The Cambodian village of Prama appears to be a fairly destitute, 1,000-family hamlet in a province bordering Vietnam.
Were it to establish an independent state, it would likely become the tiniest, least defendable nations on the planet.
There is scant evidence that anyone in the village had such absurd intentions. They created no snazzy new flags, no rebel militias, no independent political wing.
That hasn't stopped Cambodia's premier, Hun Sen, from insisting that villagers harbored a plot to establish an "autonomous zone," the Phnom Penh Post reports. One of the harshest sentences has fallen upon a prominent activist and radio DJ, 71-year-old Mam Sonando, who this week received 20 years in prison for devising this nefarious plot.

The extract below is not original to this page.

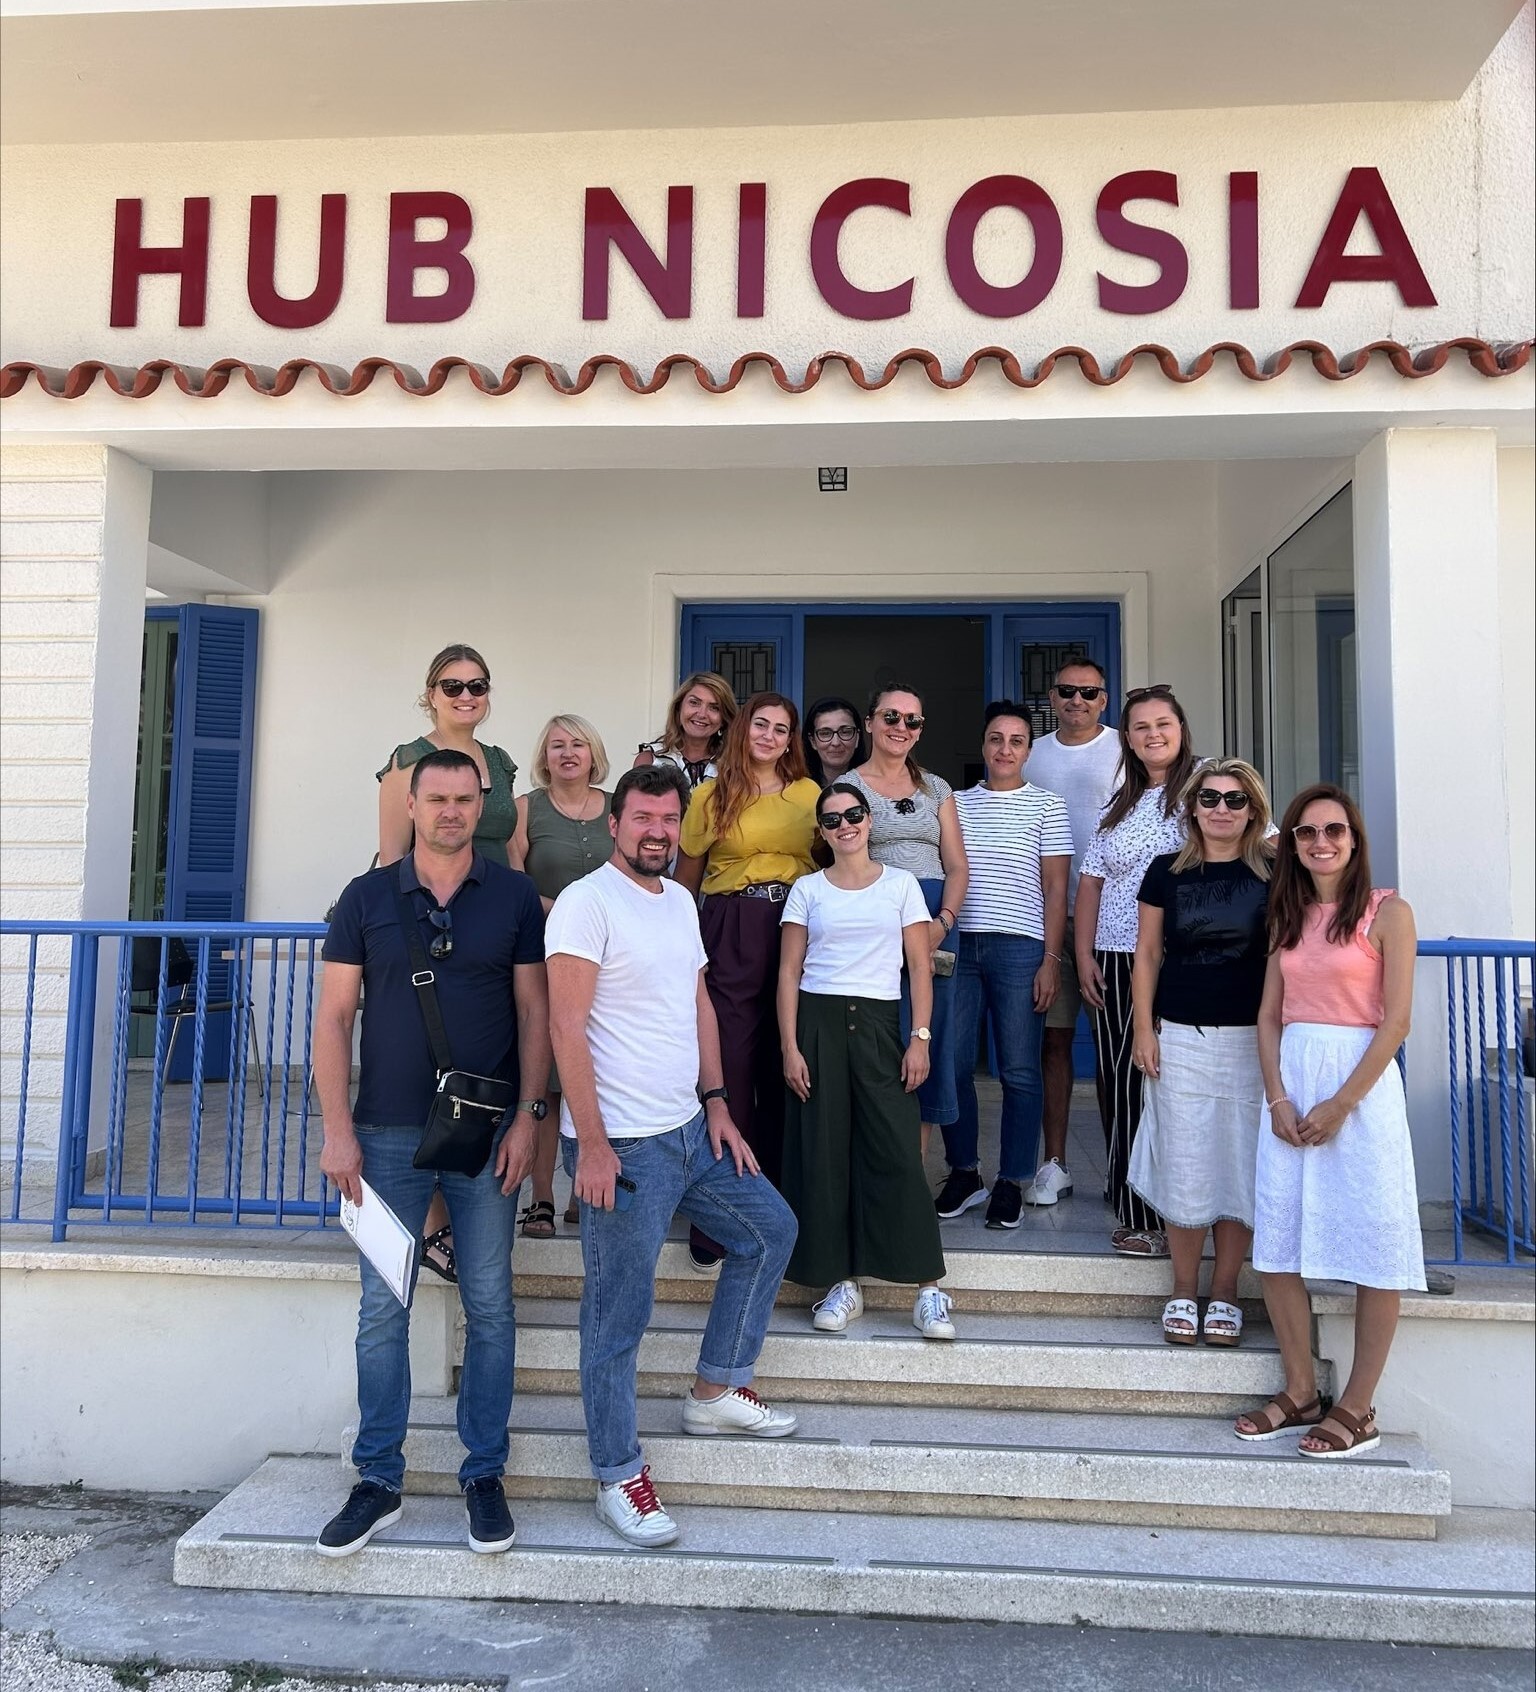 4th BC4ESE team meeting was successfully held in Nicosia

It just so happen that, in May, a wave of troops and police descended on the same village firing assault rifles. Their goal, VOA reports, was clearing land for a tycoon's rubber plantation. One 14-year-old girl was killed.

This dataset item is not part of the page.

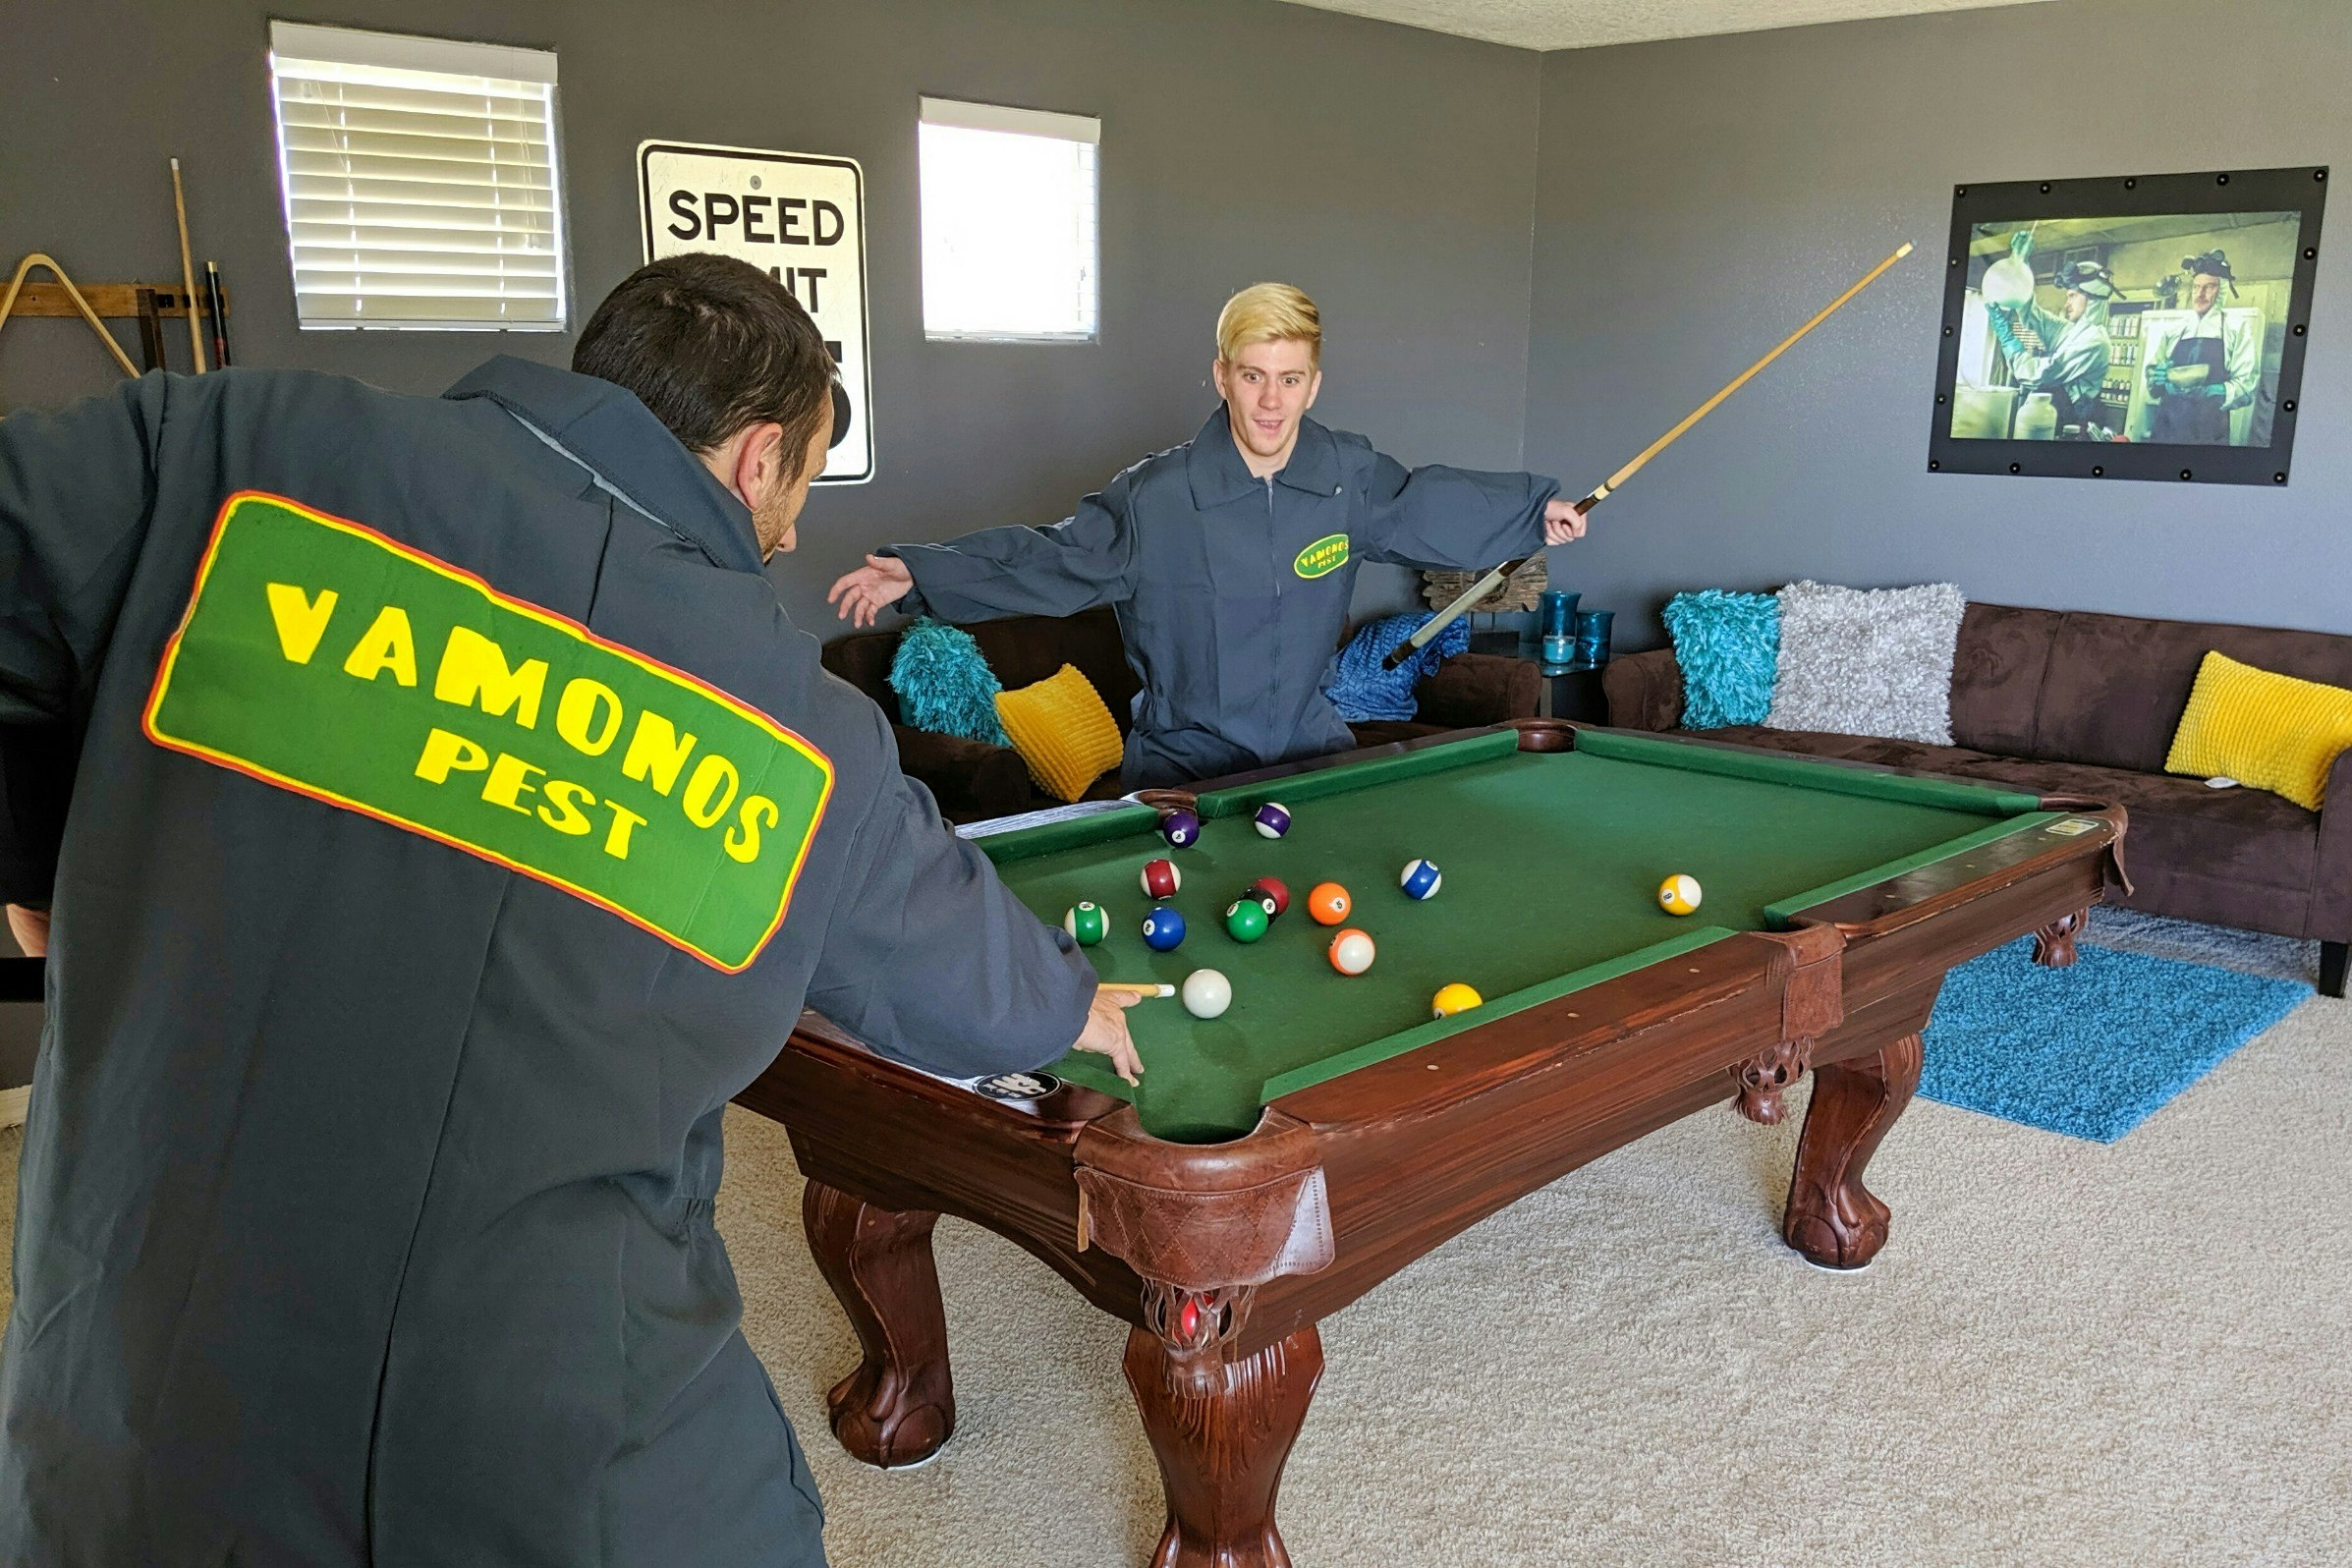 Guests playing pool and wearing Vamanos Pest uniforms

Resisting a forced incursion by the state -- rather than endeavoring to establish a new state -- was the true cause of Sonando and his peers, according to Human Rights Watch. The group's Asia director, Brad Adams, contends that “no credible evidence of a secessionist movement or of Sonando’s involvement was produced at the Phnom Penh court, yet it handed down these incredibly harsh sentences anyway."